Abstract: Emerging literature suggests that after a stroke, the peri-infarct region exhibits dynamic changes in excitability. In rodent stroke models, treatments that enhance excitability in the peri-infarct cerebral cortex promote motor recovery. This increase in cortical excitability and plasticity is opposed by increases in tonic GABAergic inhibition in the peri-infarct zone beginning three days after a stroke in a mouse model. Maintenance of a favorable excitatory–inhibitory balance promoting cerebrocortical excitability could potentially improve recovery. Brevetoxin-2 (PbTx-2) is a voltage-gated sodium channel (VGSC) gating modifier that increases intracellular sodium ([Na+]i), upregulates N-methyl-D-aspartate receptor (NMDAR) channel activity and engages downstream calcium (Ca2+) signaling pathways.
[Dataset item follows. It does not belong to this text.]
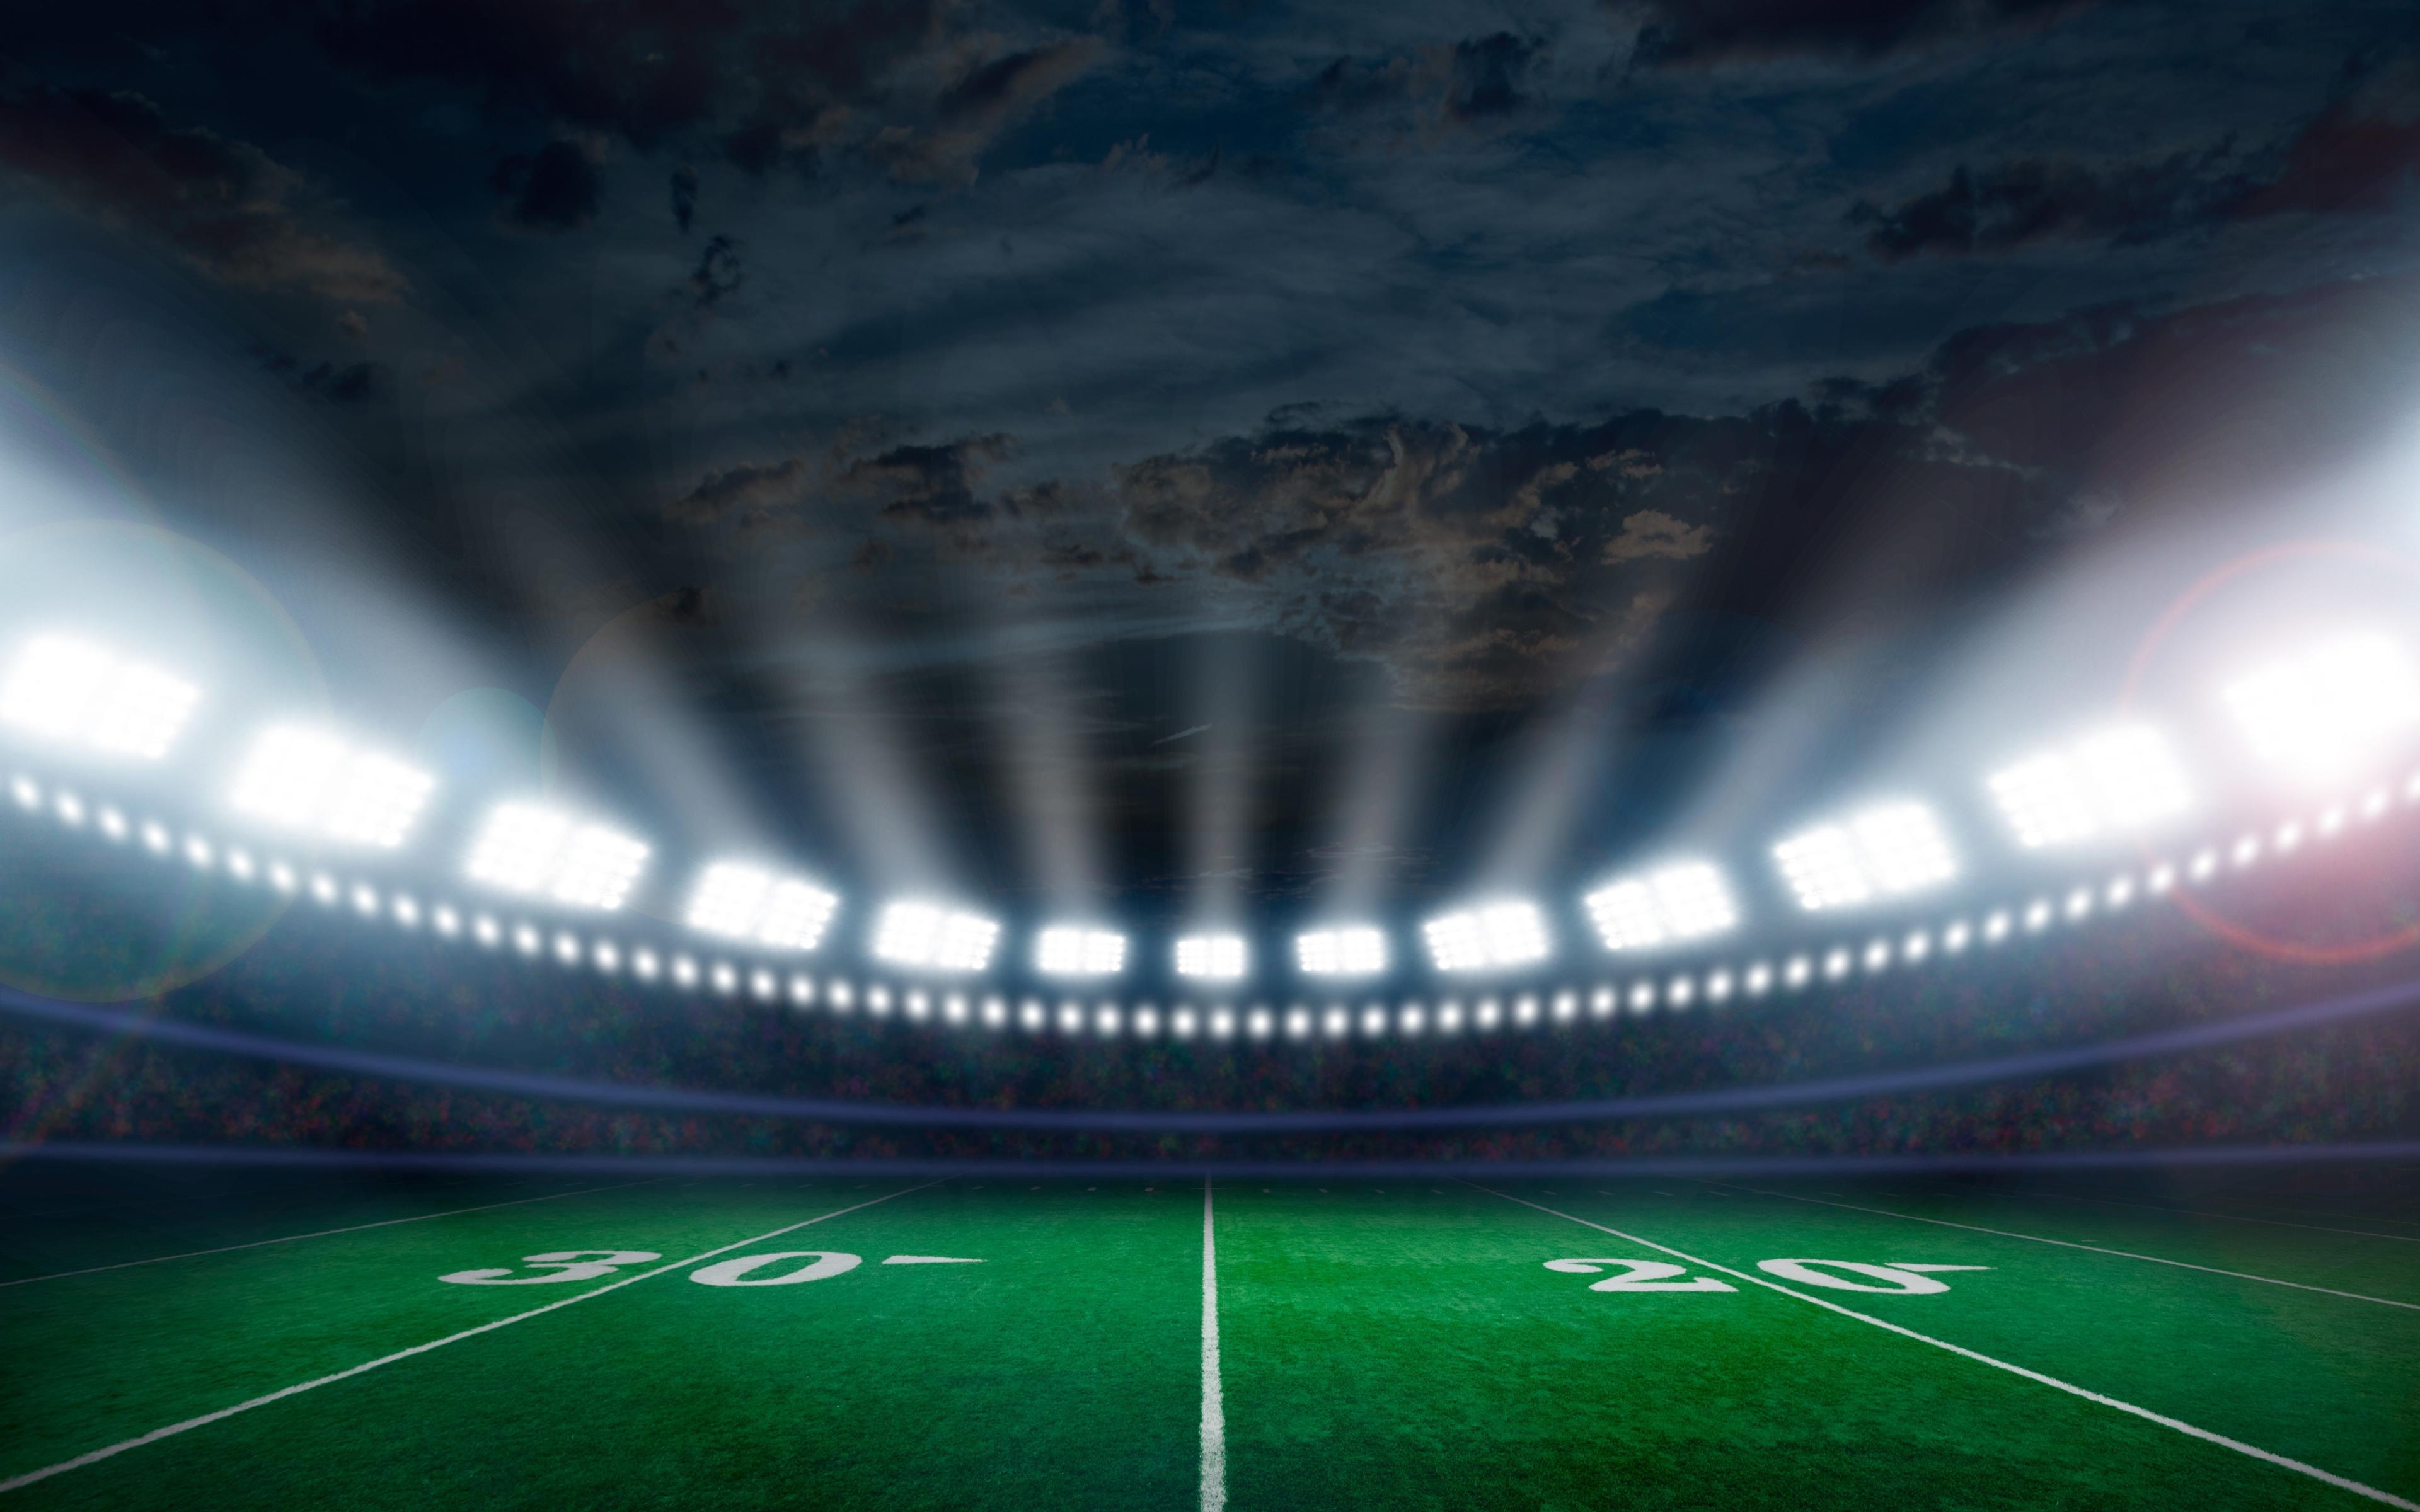 Download 3840x2400 Wallpaper Stadium, Football, Lights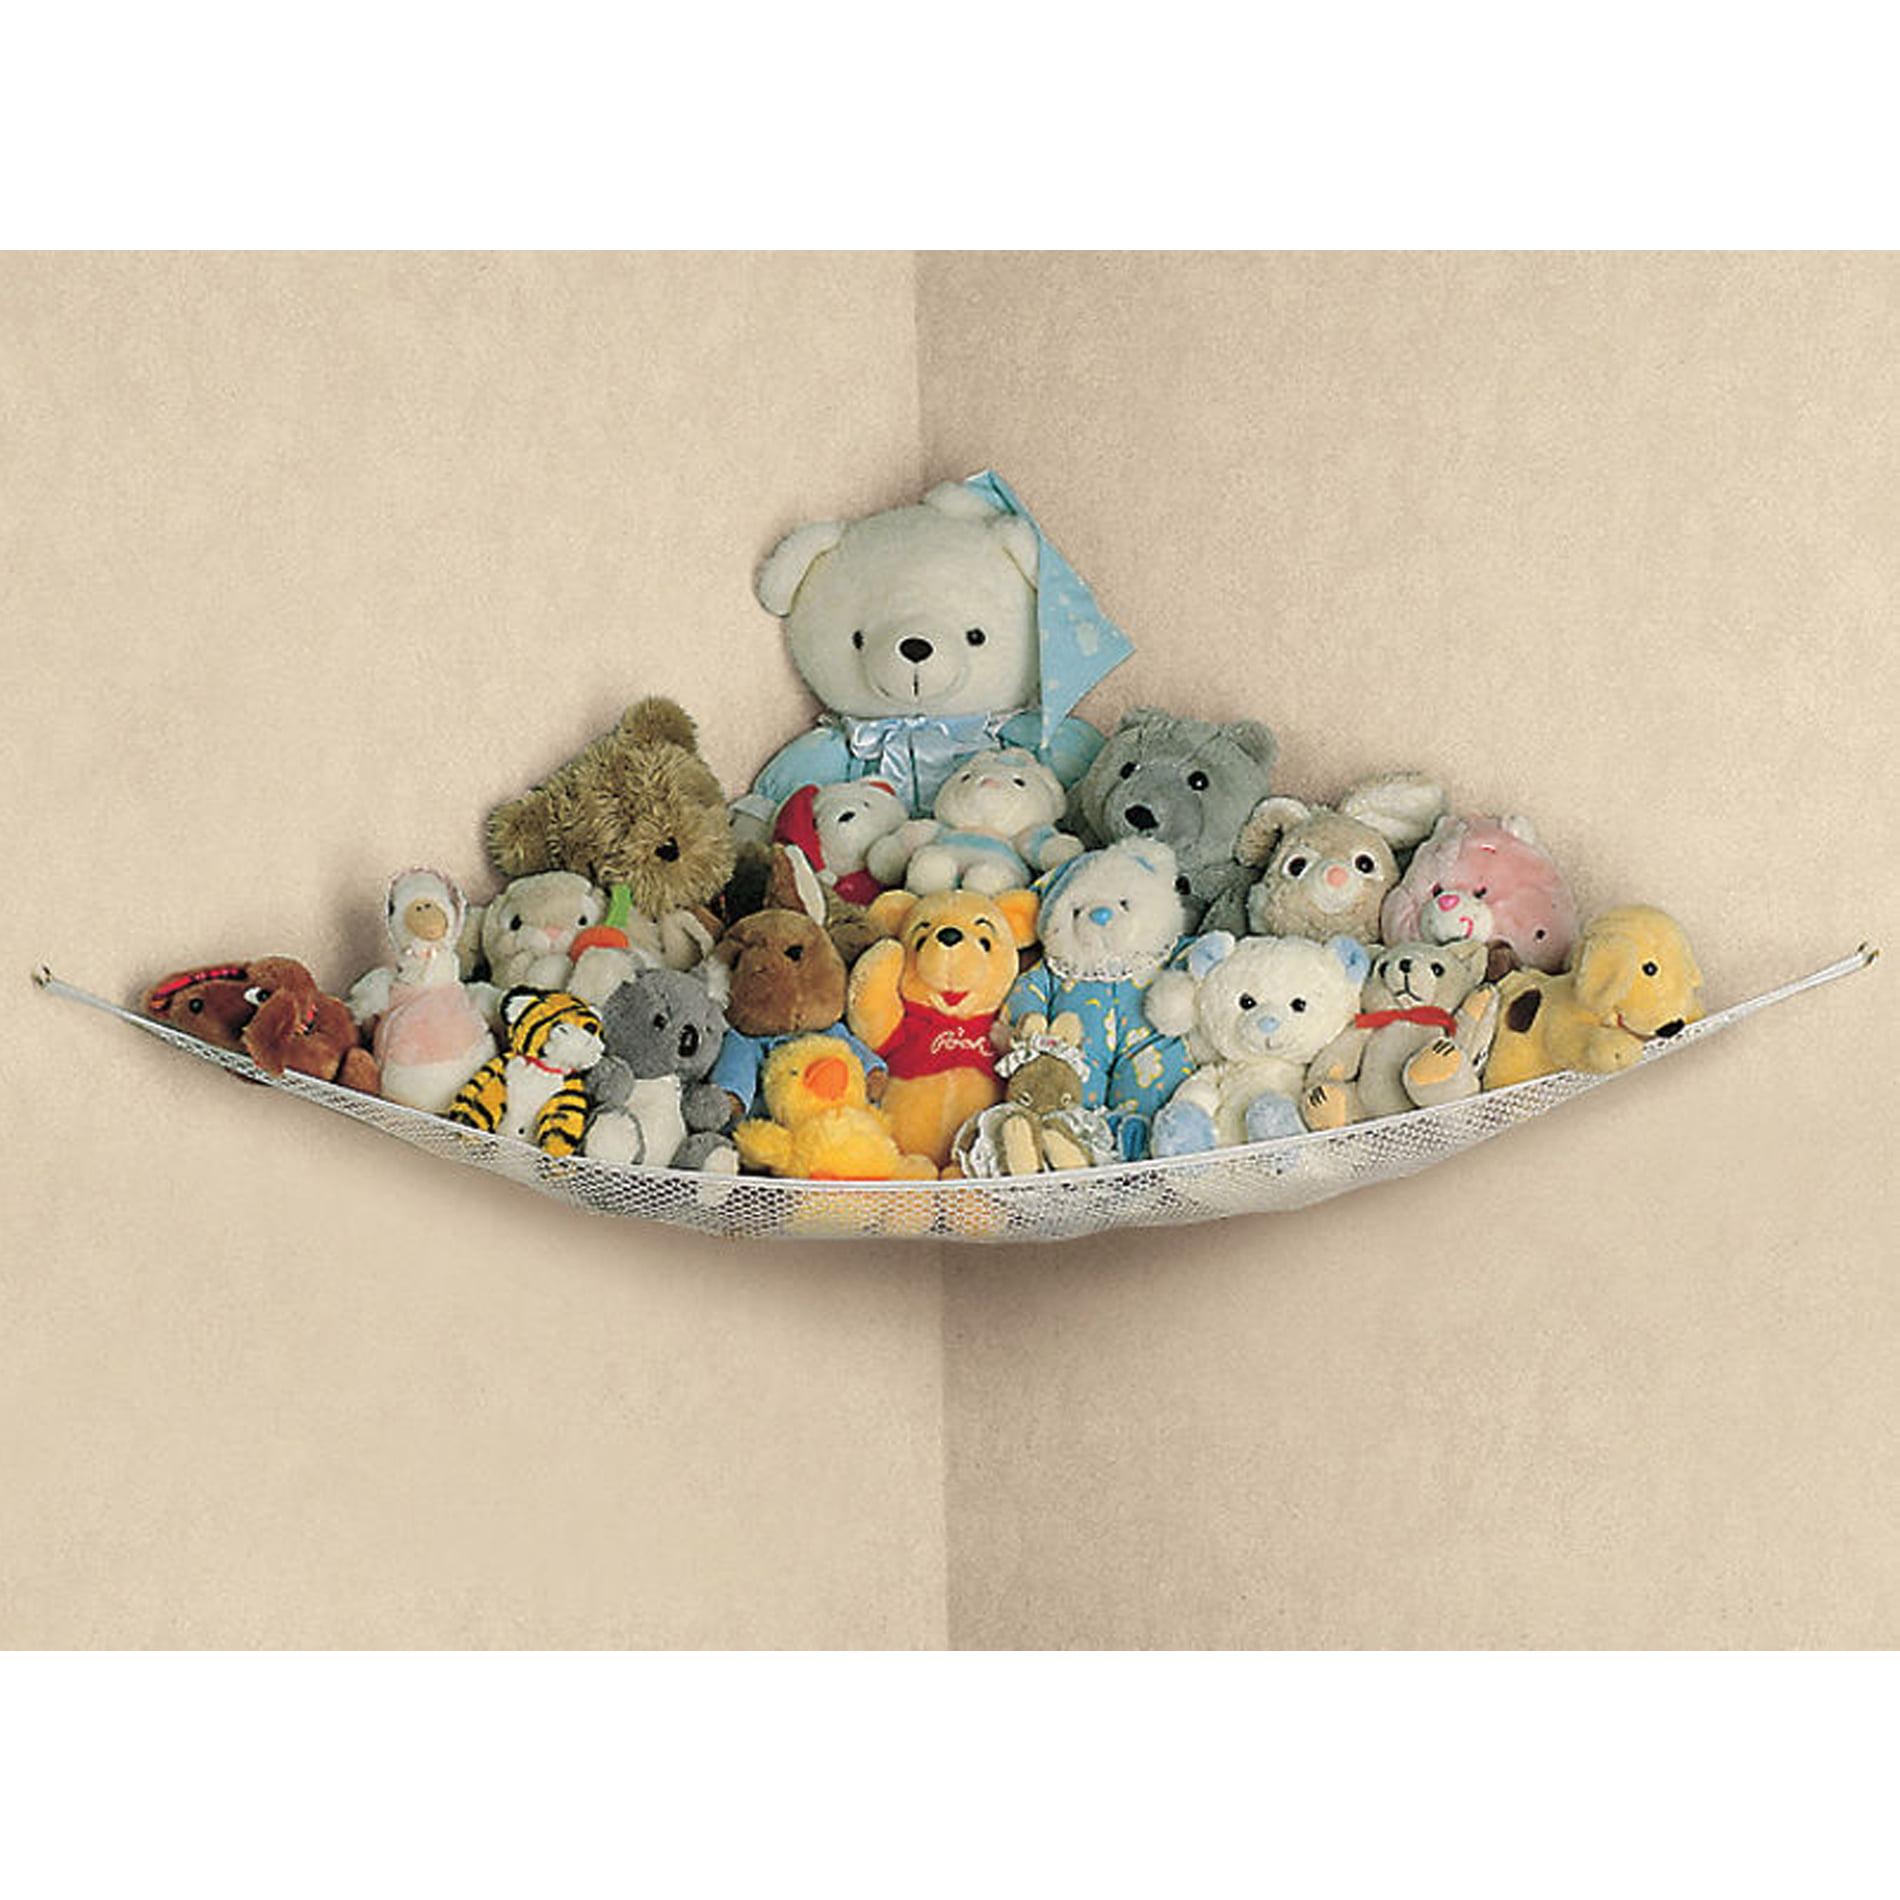 Large Kids Toy Storage Bag Organiser//Mesh Hammock Home Room Tidy For Teddy Bears

In immature cerebrocortical neurons, PbTx-2 promoted neuronal structural plasticity by increasing neurite outgrowth, dendritogenesis and synaptogenesis. We hypothesized that PbTx-2 may promote excitability and structural remodeling in the peri-infarct region, leading to improved functional outcomes following a stroke. We tested this hypothesis using epicortical application of PbTx-2 after a photothrombotic stroke in mice. We show that PbTx-2 enhanced the dendritic arborization and synapse density of cortical layer V pyramidal neurons in the peri-infarct cortex. PbTx-2 also produced a robust improvement of motor recovery. These results suggest a novel pharmacologic approach to mimic activity-dependent recovery from stroke.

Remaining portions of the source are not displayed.